I've owned nearly every breed of dairy goat.  

Obs as a rule are the quietest....hands down.  Also smaller than most Saanens.

LM would probably be my 2nd choice only for temperament / sound volume...I've never heard a 'screamer' LM.


----------



## jodief100 (May 18, 2011)

I have very limited experience- I own 1 milk goat.  She is the quietest of all my goats.  The others are boer, %boer (I think most have nubian in them) and kiko.  

I like her, she is very sweet and docile.  

Edited to add:  She is a LaMancha.

Thanks Roll!


----------



## Roll farms (May 18, 2011)

But, Jodie...what breed is she?


----------



## mydakota (May 21, 2011)

I am brand new here,  ( just joined this morning) and don't know a whole lot. My herd is small-- 7 Boers and 2 Saanens.  My young FF Saanen doe is just a wonderful goat.  Her milk is sweet and so is her personality.  She is giving nearly a gallon a day, is well mannered on the milk stand and is loving and sweet.  She is not loud.  I like her so much that I have contacted the breeder and am waiting on a half sister of hers to be confirmed pregnant.  As soon as she is, I am buying her. I have nothing bad to say about any other breeds, as this is the only milk goat I have ever owned, but based on Juliet, I love Saanens. I have no plans to look further, because for me, I got it right the first time.  ( different people may have different requirements though, so not saying another breed isn't right for someone else)


----------



## Jake (May 24, 2011)

I have had at least four breeds of goats over the years, and the Saanen is my choice over all.

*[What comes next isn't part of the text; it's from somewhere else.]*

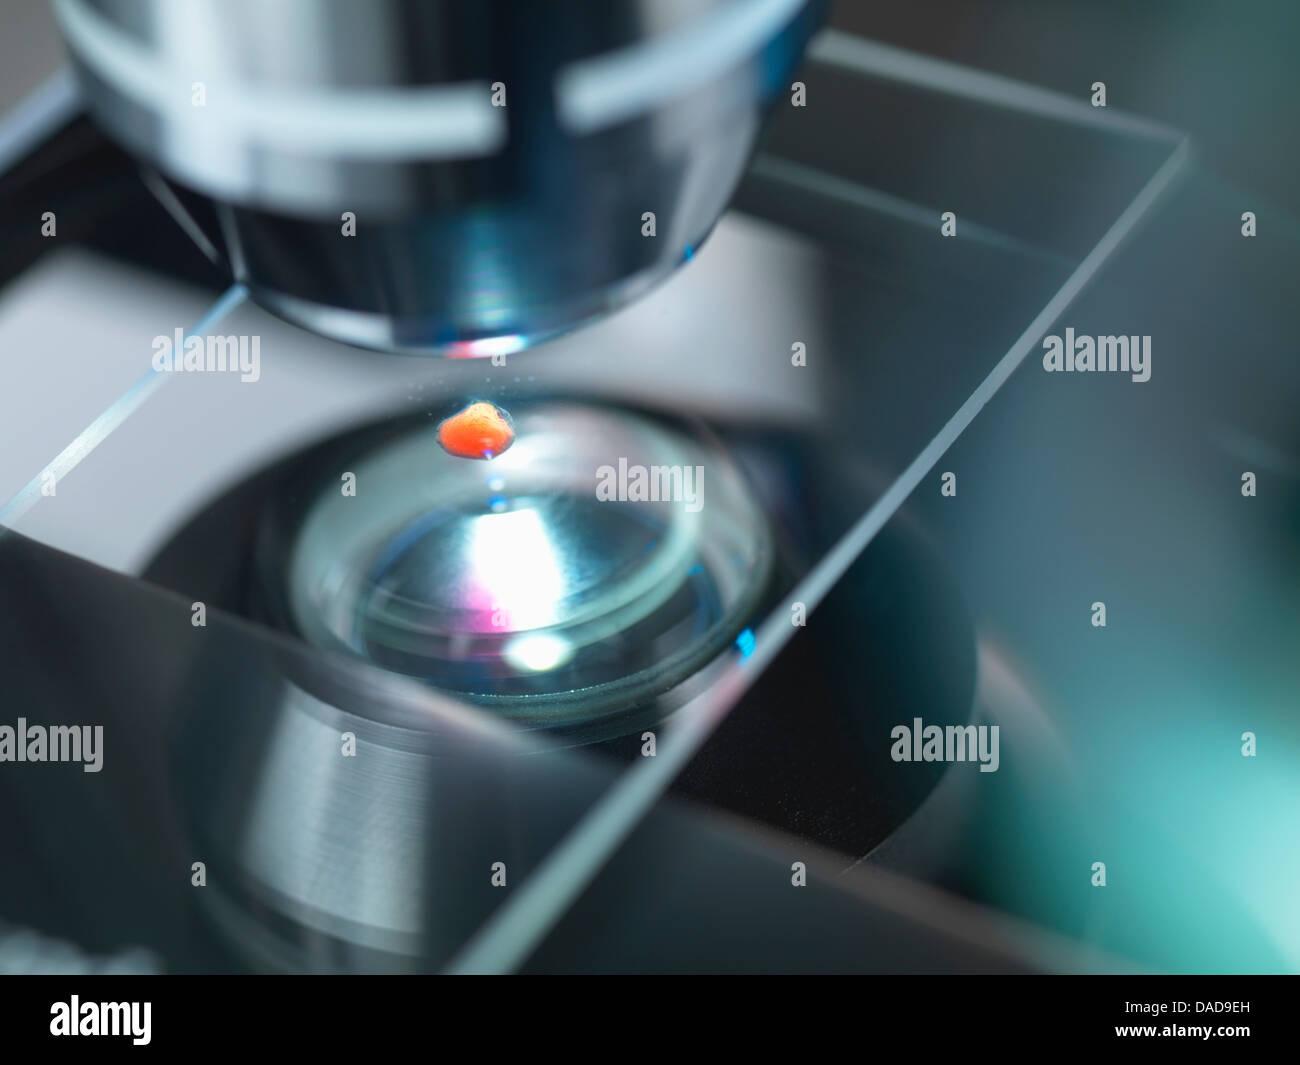 Un microscope optique de l'examen d'un échantillon en laboratoire pour la recherche pharmaceutique Photo Stock

Beautiful dispositions and temperament, excellent milk for drinking or cheese making,  two does cycled six mos apart can keep a good sized family in milk year around, the bucks are easy to manage, both sexes are intellignet, and the wethers make great meat, pets or for back packing.  

Few other breeds can do all of these, or as much milk and meat. The wethers make bigger back packers and are great to help on a weekend camping trip .

All that said, in your climate you would probably be better off with the LM as the Saanens dont take the heat as well as the LM, I have never had any but hear good things about them.


----------



## MidnightChickenLover (Jun 6, 2011)

Hykue, personaly I think my "noisy" traits  corrispond with the parents. Annabelle's kids are allways quiet and gentle, and Daisy's are obnoxious and jump up on people. lol (Talking about two Saanens)


----------



## Ariel301 (Jun 7, 2011)

My neighbor's Saanens don't seem too loud. 

Around here, we spell quiet "L A M A N C H A".  With the exception of one bloodline I used to have, they've all been super quiet and easy to handle.


----------